Вот так. По зову крови тень появляется, бьёт по столу и шепчет что-то на ухо высокому человеку, он повторяет за нею слова, я, уставившийся в замочную скважину, тоже их повторяю. Тёмный коридор становится шире и шире, постепенно превращаясь в огромную пустую тень, бормотание переходит в крик. Я повторяю слова до тех пор, пока они не растворяются в воздухе. Тень, словно бархатная гардина, разрывается на части невидимой саблей. Вспышка. Это министр Струэнзе. Великий Струэнзе, ослеплённый собственным величием. Это случилось в одно мгновение на балу. Были зажжены все факелы и все свечи. Он кричал: «Тишина!» Да что вы можете понять о том бале в зале с хрустальными глобусами, что дрожат, подскакивают и перекручиваются. Королева Каролина Матильда. Свет её глаз в прорезях маски, сияние чёрного жемчуга, разливающееся по бокалам и затем вспыхивающее во рту вино. Я пожимаю чьи-то руки, отпускаю, пожимаю следующие, — всем хочется меня поприветствовать. Оставьте меня в покое, доктор. Люстра, что была надо мной, — это глобус. Мир, которым я играл, держа глобус в своих руках. Я, всевластный министр, повелитель самого короля, его государства и хозяин его постели… Глаза Каролины Матильды искрились звёздами, кокетливыми молниями, их мерцание окутало меня… Я даже не заметил, как был схвачен двумя стражниками. Они оттащили меня. Сначала я думал, что это гости в масках, как и все остальные, и кричал: «Как вы смеете? Вы поплатитесь за это головой!
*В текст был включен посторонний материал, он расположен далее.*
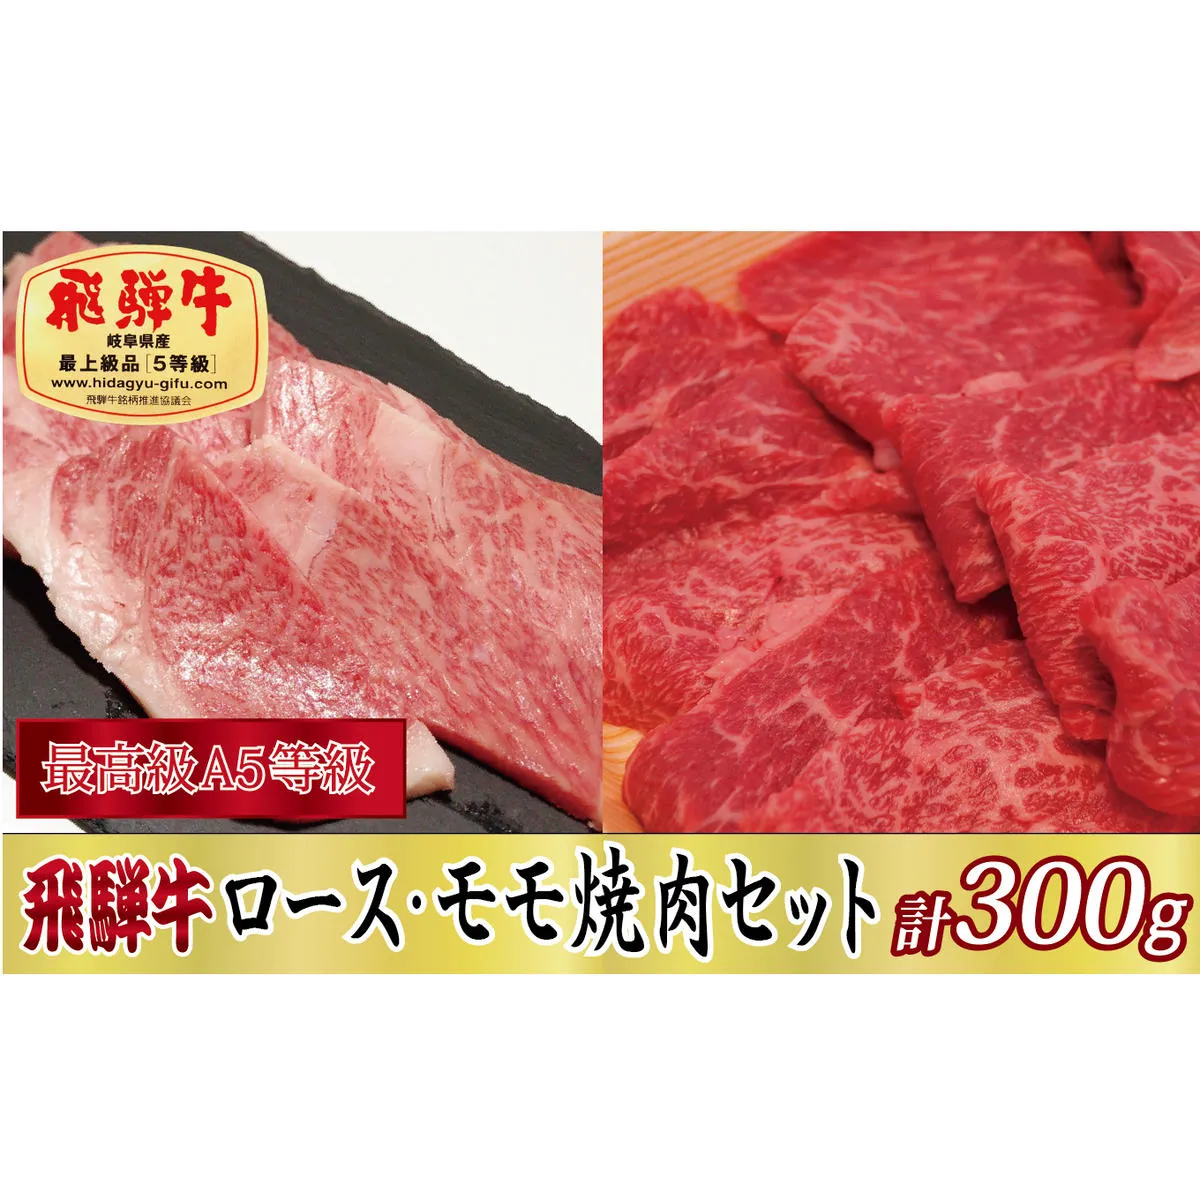 【化粧箱入り・最高級A5等級】飛騨牛ロース・モモ焼肉セット計300g

Умалишённые! Я закую вас в цепи! Я усмирю вас!» Мне было всё равно, что кричать, мне казалось, что я всё ещё кружусь в танце, а моё тело пыталось вырваться из рук негодяев, меня затягивало в омут. Сумасшедшие порывы ветра уносили от меня Каролину Матильду. Навсегда. Это слово пронзило моё сердце и ослепляющим лучом проникло в моё сознание. Чувствуя сильнейшую боль внутри, я тянулся к ней руками, круги света бегали по краям её наряда, меня ничто не сдерживало, я готов был сорвать с неё платье, опрокинуть на пол и целовать её губы на глазах у всех, так же бесстыдно, как вечерами в тихой комнате в башне… Не помню, как оказался на помосте эшафота, как палач занёс над моей головой свой топор. За двадцать лет забывается очень многое…
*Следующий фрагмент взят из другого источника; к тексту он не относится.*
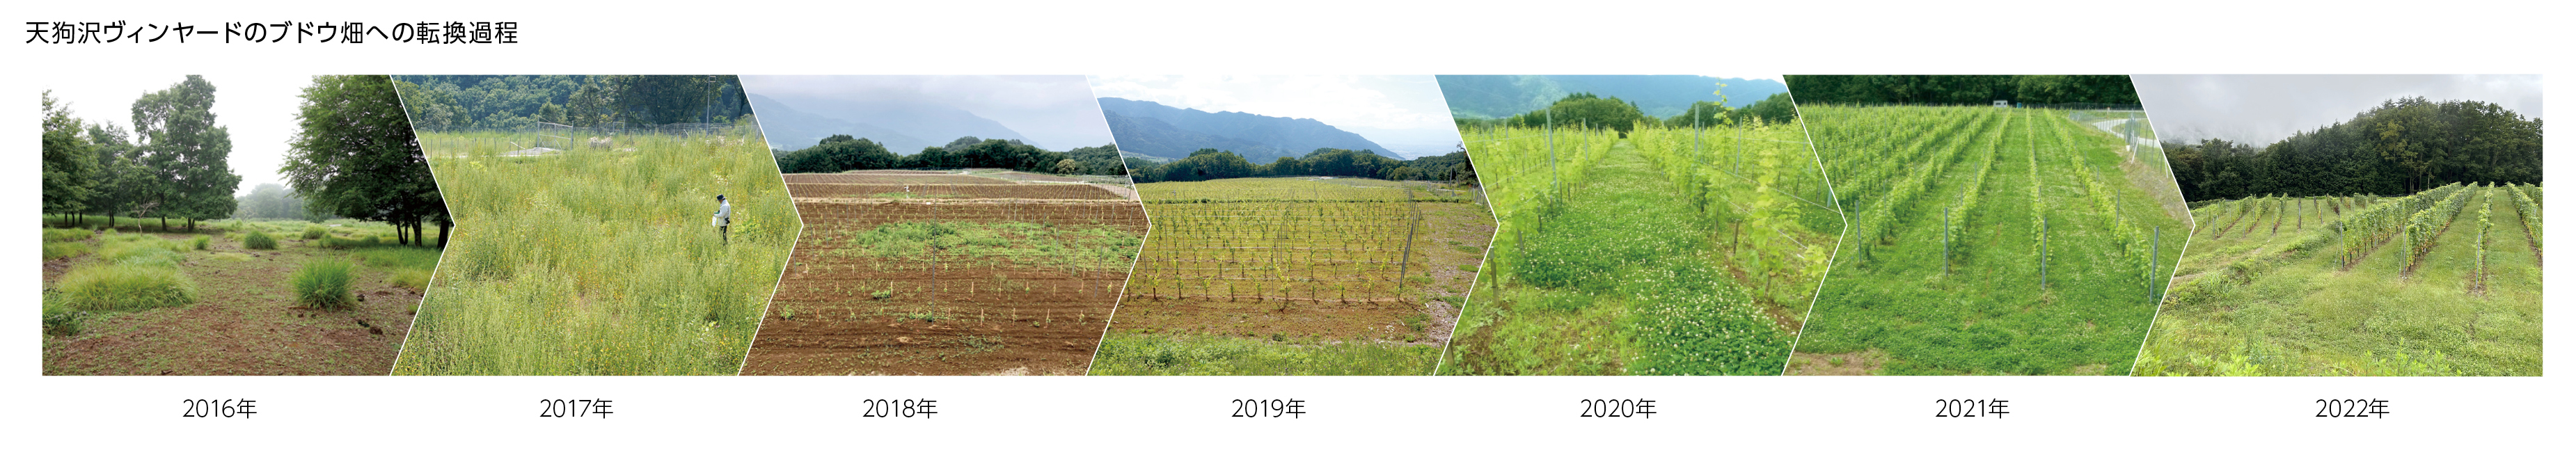 写真：天狗沢ヴィンヤードのブドウ畑への転換過程、2016年→2017年→2018年→2019年→2020年→2021年→2022年

Летящие в бездну слова, внутри меня, вне меня. Что-то гаснет. Туман рассеивается. Небо пустеет. Кто-то высмаркивается, — вульгарный звук, возвещающий свершившееся правосудие, — падает стул, они покидают зал. К счастью, я уже успел вернуться в часовую мастерскую. Граф фон Гессен выходит с багровым, как нередко бывает у его пьянчуг-гвардейцев, лицом, граф Бернсторф кажется уставшим, полусонным, вместе с ними в коридоре появляется запах плесени и затхлости. Каролина Матильда умерла много лет назад в изгнании, в Ганновере; поговаривали, что её дух вызвать было невозможно: то ли она не поддавалась, то ли никто и не пробовал. Кому нужна состарившаяся изменница?